Friends who have happy contented lives just cannot understand what I am going through. We may have friends that will listen, but it is hard to find friends who will actually hear.
It's a long, hard road.
Sherri
Please tell me how to escape reality. I hate that the harshness of it keeps slapping me in the face.
Bluebell
Hello Everyone
It's been a while since I posted I have been reading its just been a tough go a bit. I hope everyone did okay yesterday it's tough on us all know matter the time. Yes Brett I do feel like I'm treading water most day just trying to get through it. My mom birthday was 2 weeks ago and then mine then Mother's day I just had to get through and smile some way and know she would want it that way. the hardest part was my step dad has moved on and moved in with someone and put the house up for sale without telling anyone all in these two weeks so someday I try to escape reality because I still have a hard time without her. I have taken advice from those in the group and reached out for help because I don't see my self getting a handle on things only worse some days so thank you. You guys are always in my thoughts and prayers thanks for listening.
Brett
In my opinion, you do not miss your Mom too much. Grief has a timeline of its own. I also want to say that our parents did their best to prepare us to be independent adults, but they did not teach us how to prepare for their death. That we have to figure out on our own and it is not easy.
Bluebell
I believe that one of the reasons why people don't post as much is because we feel like we are not getting better. We are treading water.
Theresa, you are right. Yesterday gave me even more reason to think about my mom but it's not like I don't think about her as much as other days. The way I feel is constant.
I feel guilty about the way I pray, too. There's a lot more, "Where are you? Why won't you help?" in my prayers. My belief in God is the one thing that I most rely on. I visit a shrine of the Blessed Mother as much as I can. I say things like, "Please don't just be a statue for me. Please help." This causes me tremendous guilt.

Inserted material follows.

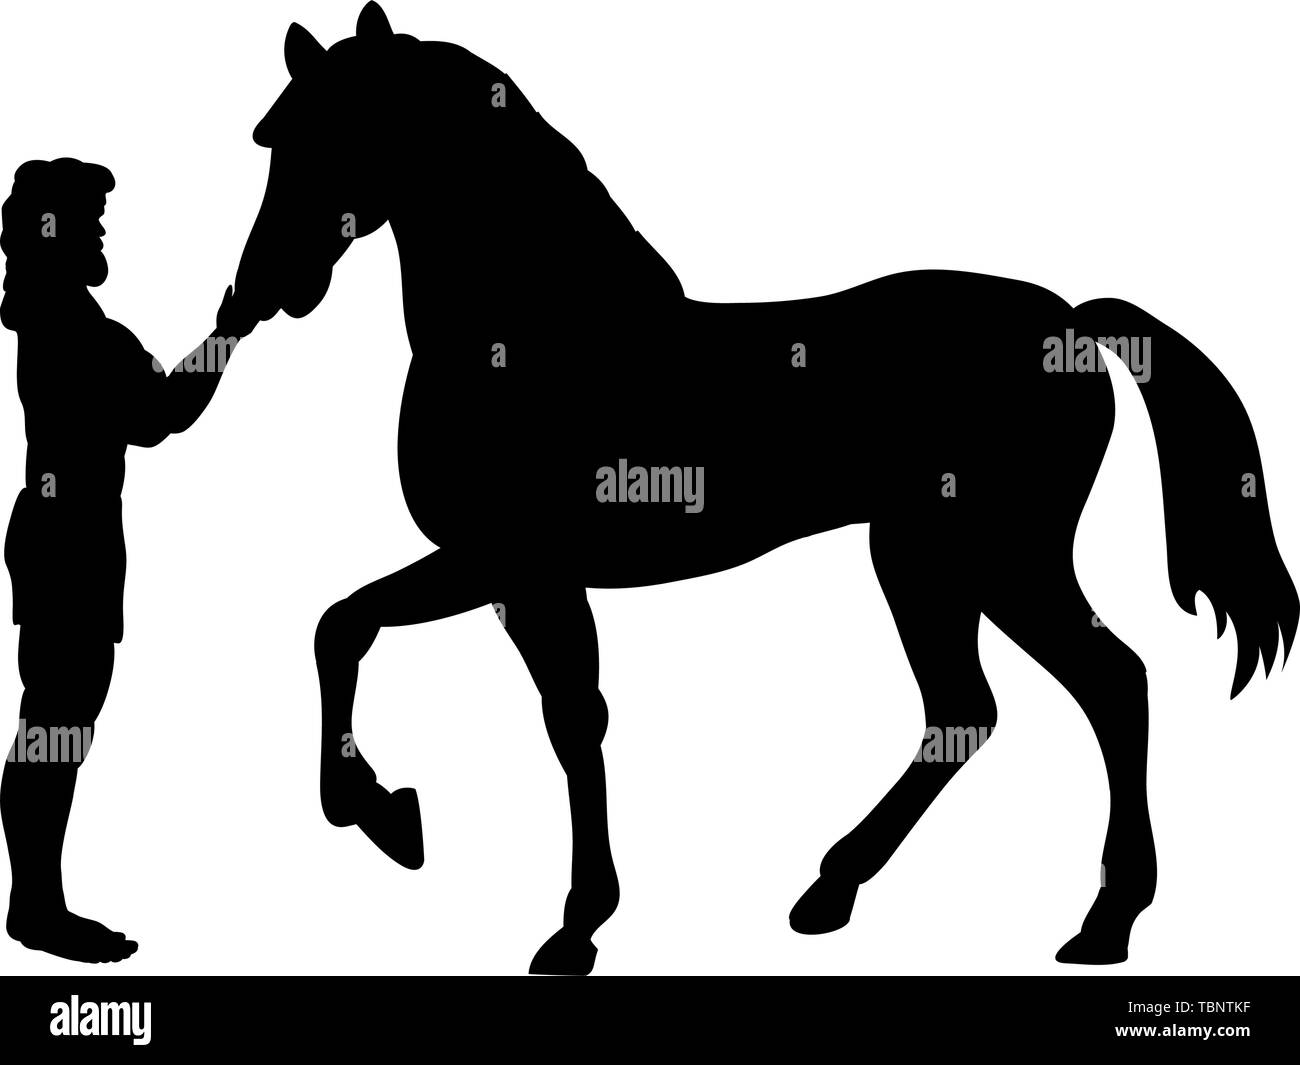 Heracles caballo mitología silueta fantasía. Ilustración vectorial. Ilustración del Vector

I realize that it's no one's fault. I just miss my mom too much.
Hi Brett, yes made it through the day, but I struggled, especially when I went to the cemetery, knowing she is not there just a stone.

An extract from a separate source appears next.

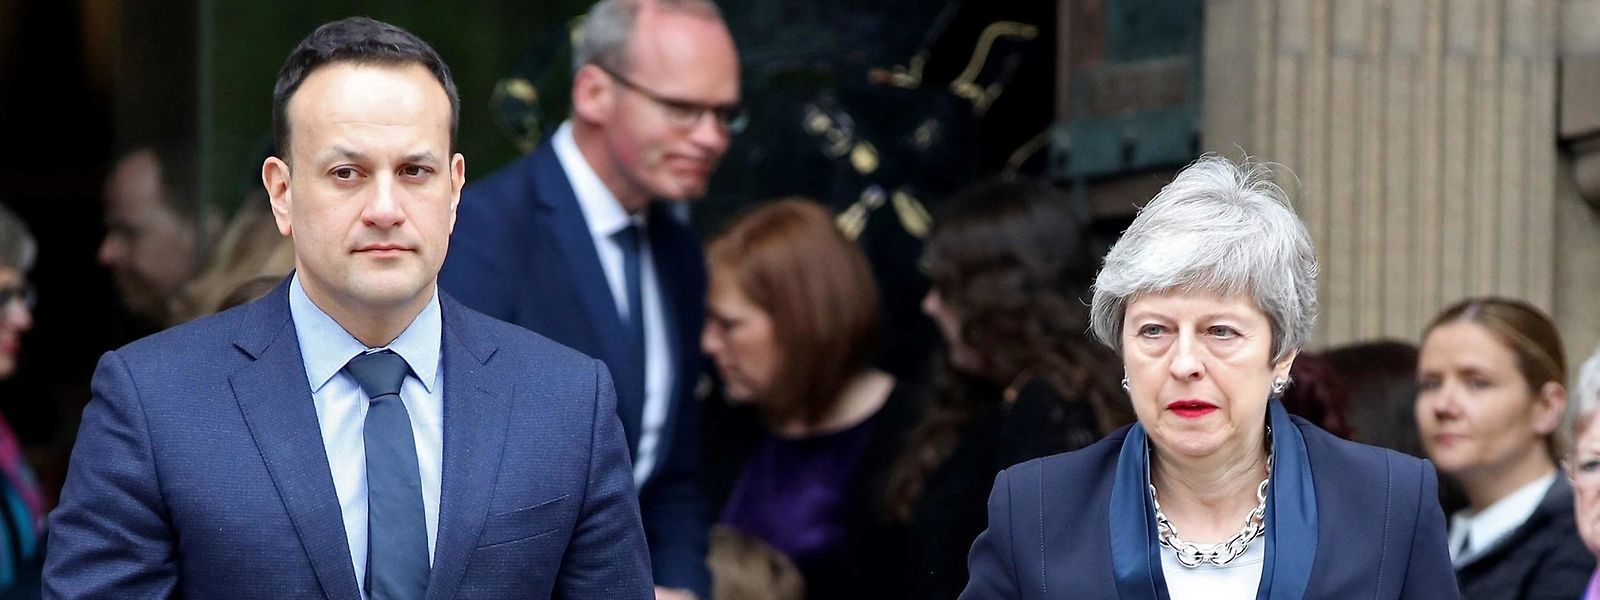 Der irische Premierminister Leo Varadkar und die britische Premierministerin Theresa May besuchten die Beerdigung der im nordirischen Londonderry getöteten Journalistin Lyra McKee.

I have changed so much, I just feel so much hate, and anger, a few of my friends texted me yesterday and said I know this is a difficult day for you, I answered one friend everyday is difficult I have just learned to live with it.

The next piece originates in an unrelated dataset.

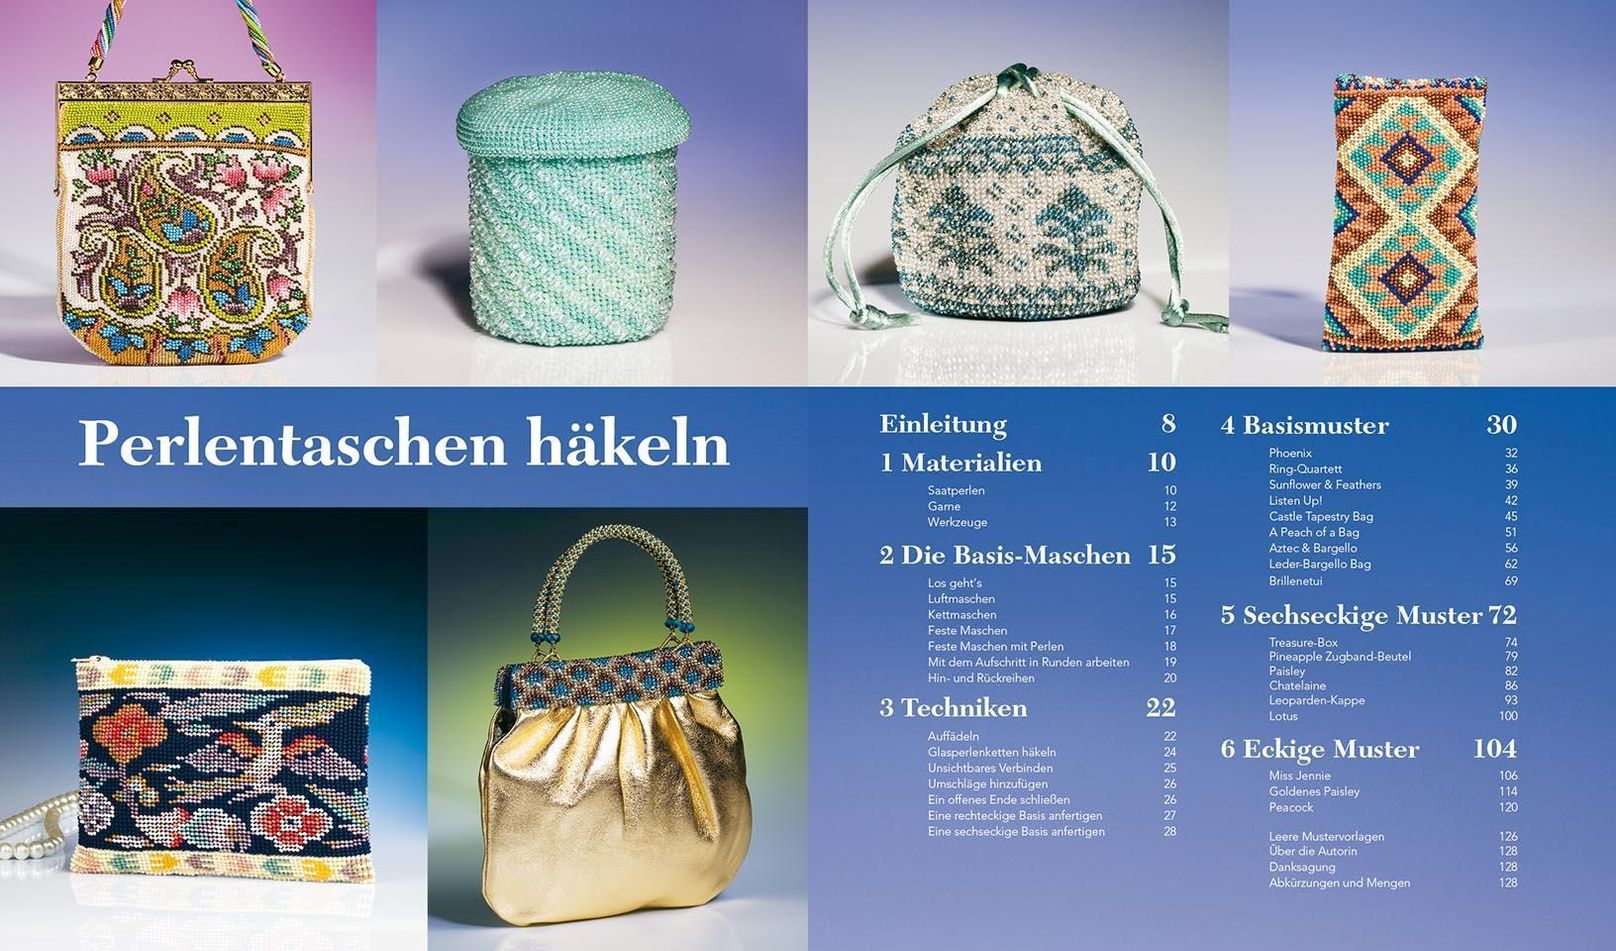 Perlentaschen häkeln Buch von Ann Benson versandkostenfrei - Weltbild.de

Well I think about everyone often and I am glad you posted.
I hope that everyone made it through the day okay. It's been a while since anyone has posted. I feel very much like Bluebell. We are all here to lift each other up. Maybe those aren't the right words. We are all going through something horrible together, and it is good to know that we are not alone. What's frustrating though is that we can post about how bad we feel until the cows come home, but that does not make us miss our moms any less. Sometimes I just wish that I could raise a white flag and say, "I've had enough." I could raise that flag but on one would acknowledge it. I would still have to go on living. It's almost impossible to drop out of life. Life comes for you regardless. We all have to go on. It would sure be nice to find some peace along the way.
One thing that has been most hurtful for me is that the longer I am removed from my mom's death the more people become tired of hearing about it. Even if I don't talk about it, they can still see it. That makes me want to withdraw from people, even my closest friends.
I feel like the one thing that would make me feel better is the one thing that I cannot have. To be with my mom again.